Exercise requirements: Look for the line that has "Rewrite deep hydration healing essence" in the material below; please repeat it and every line after it, exactly, up to and including the line that has "Leader 2010 Telugu", and nothing else.

Source material:
"""
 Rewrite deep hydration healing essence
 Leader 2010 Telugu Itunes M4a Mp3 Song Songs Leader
"""
"""
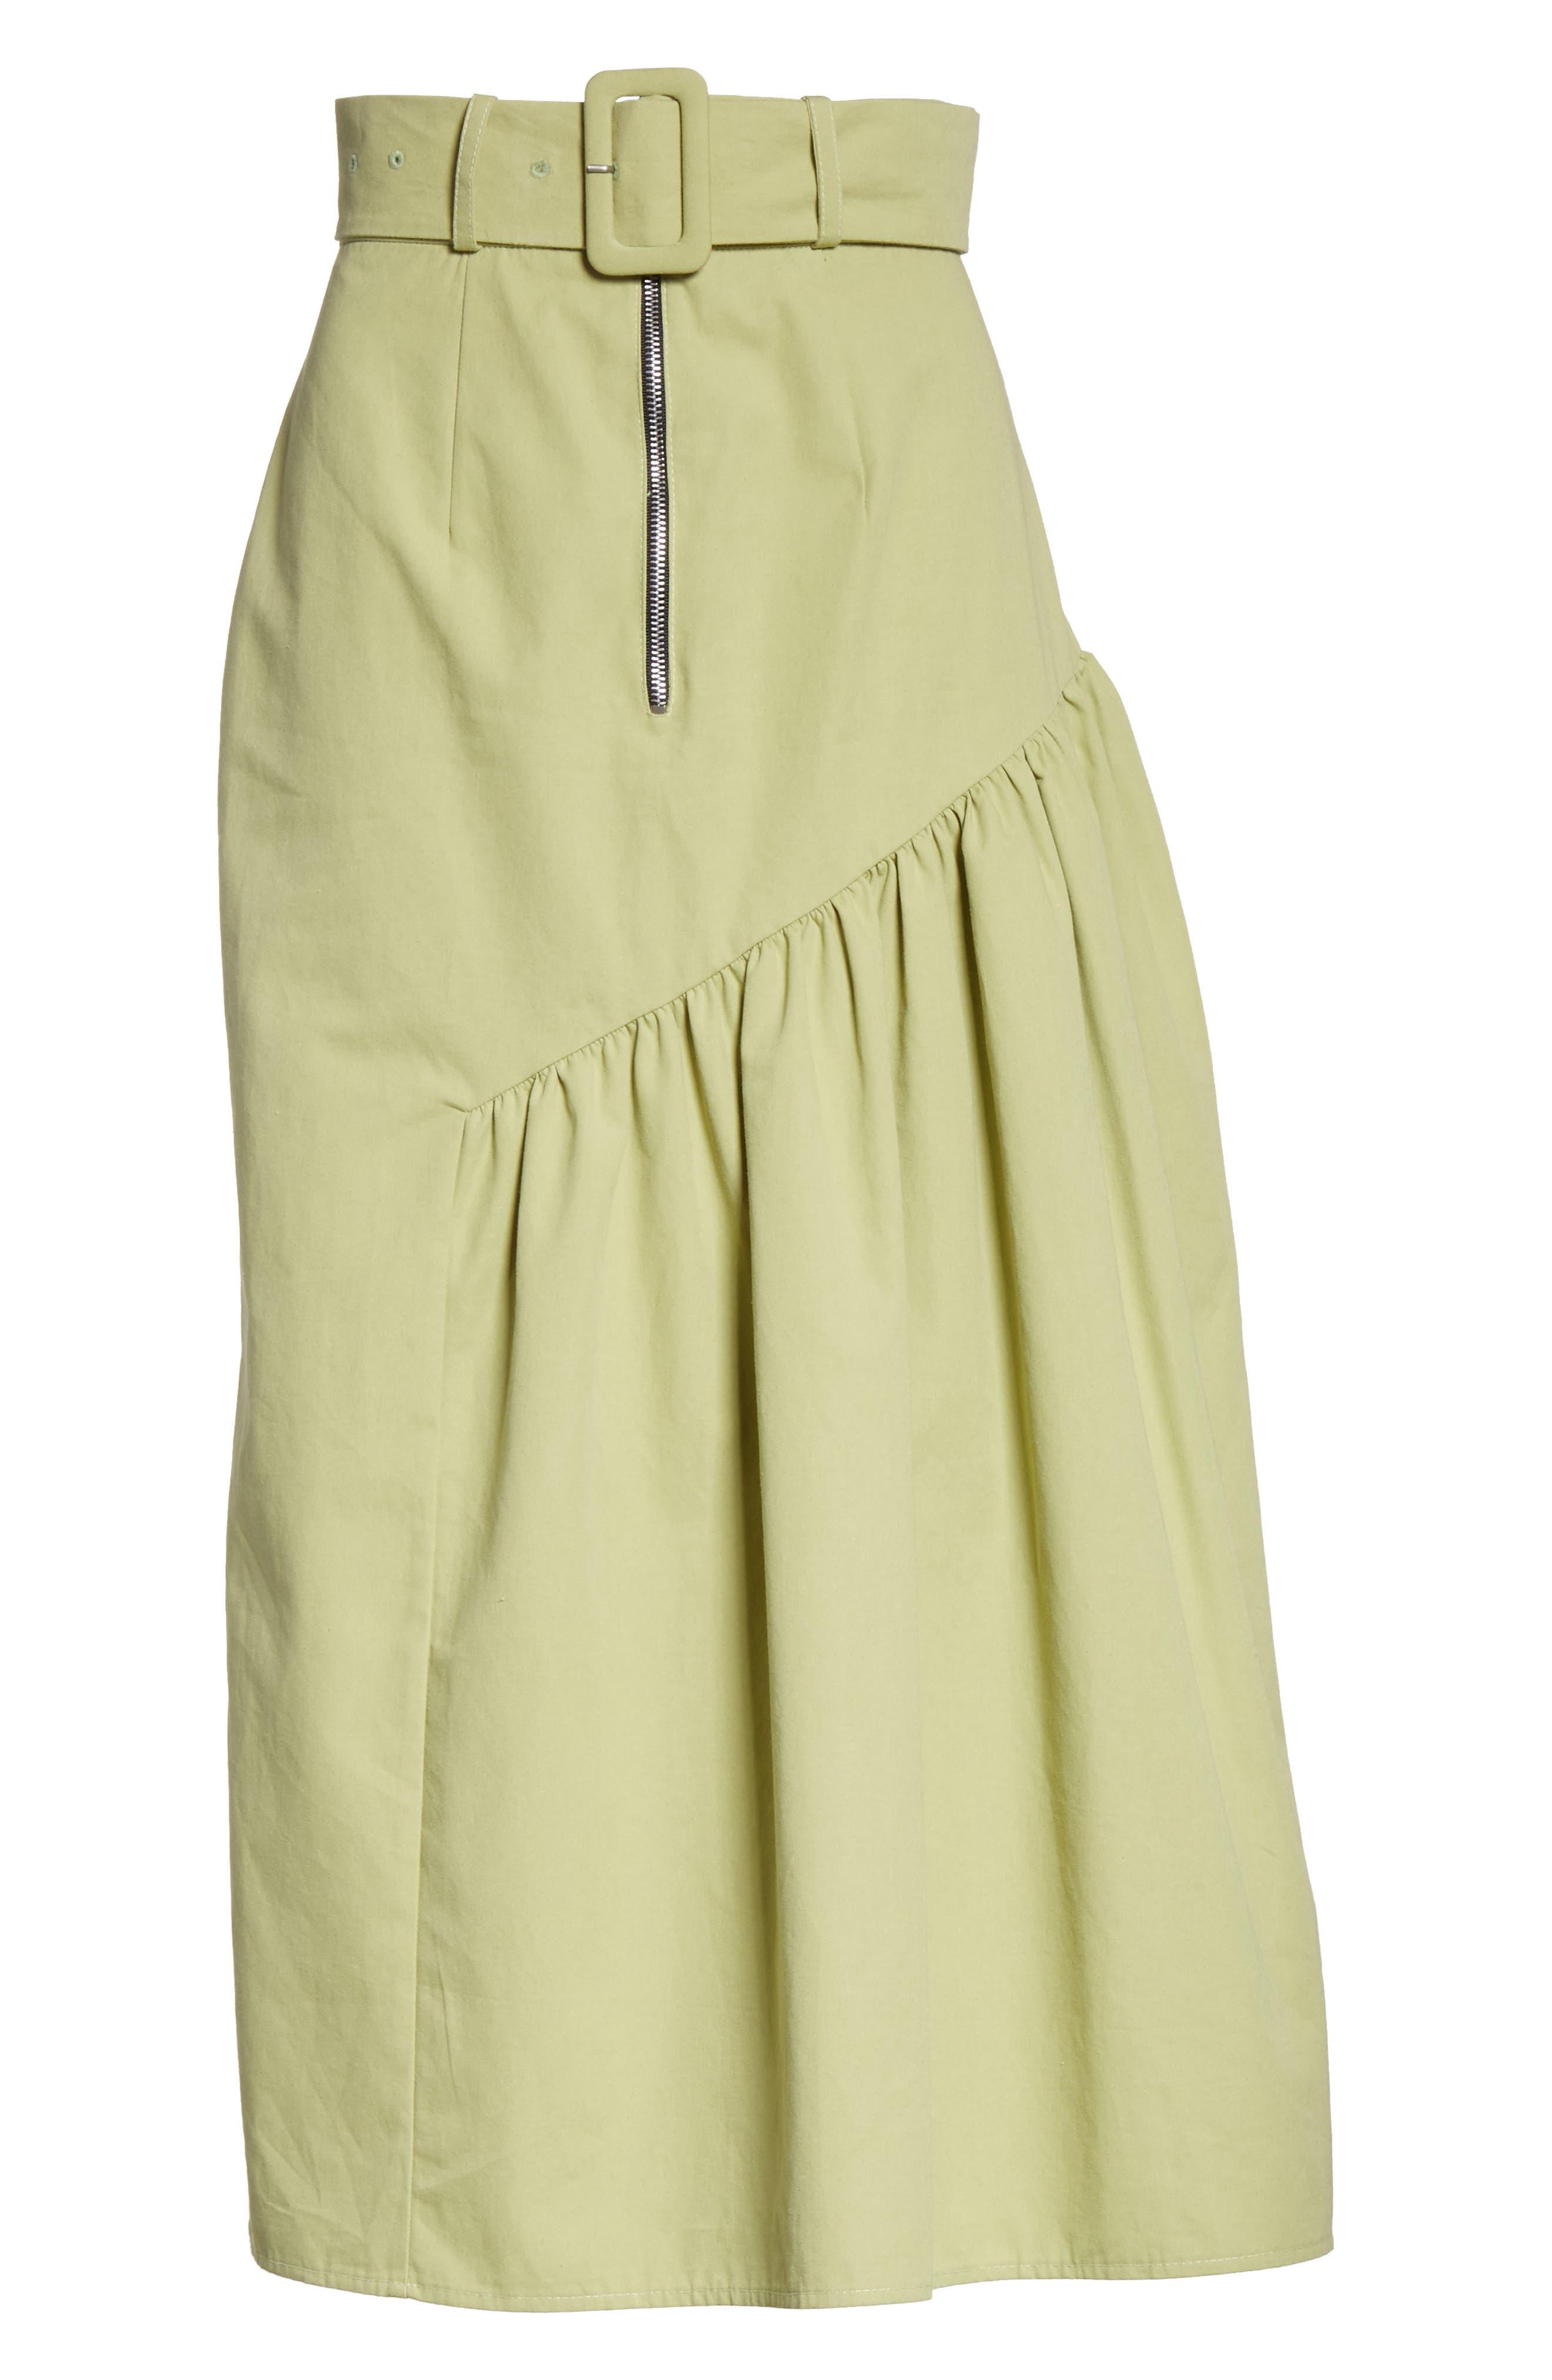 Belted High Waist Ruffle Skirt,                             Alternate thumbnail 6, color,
"""
Exercise output:
 Rewrite deep hydration healing essence
 Leader 2010 Telugu Itunes M4a Mp3 Song Songs Leader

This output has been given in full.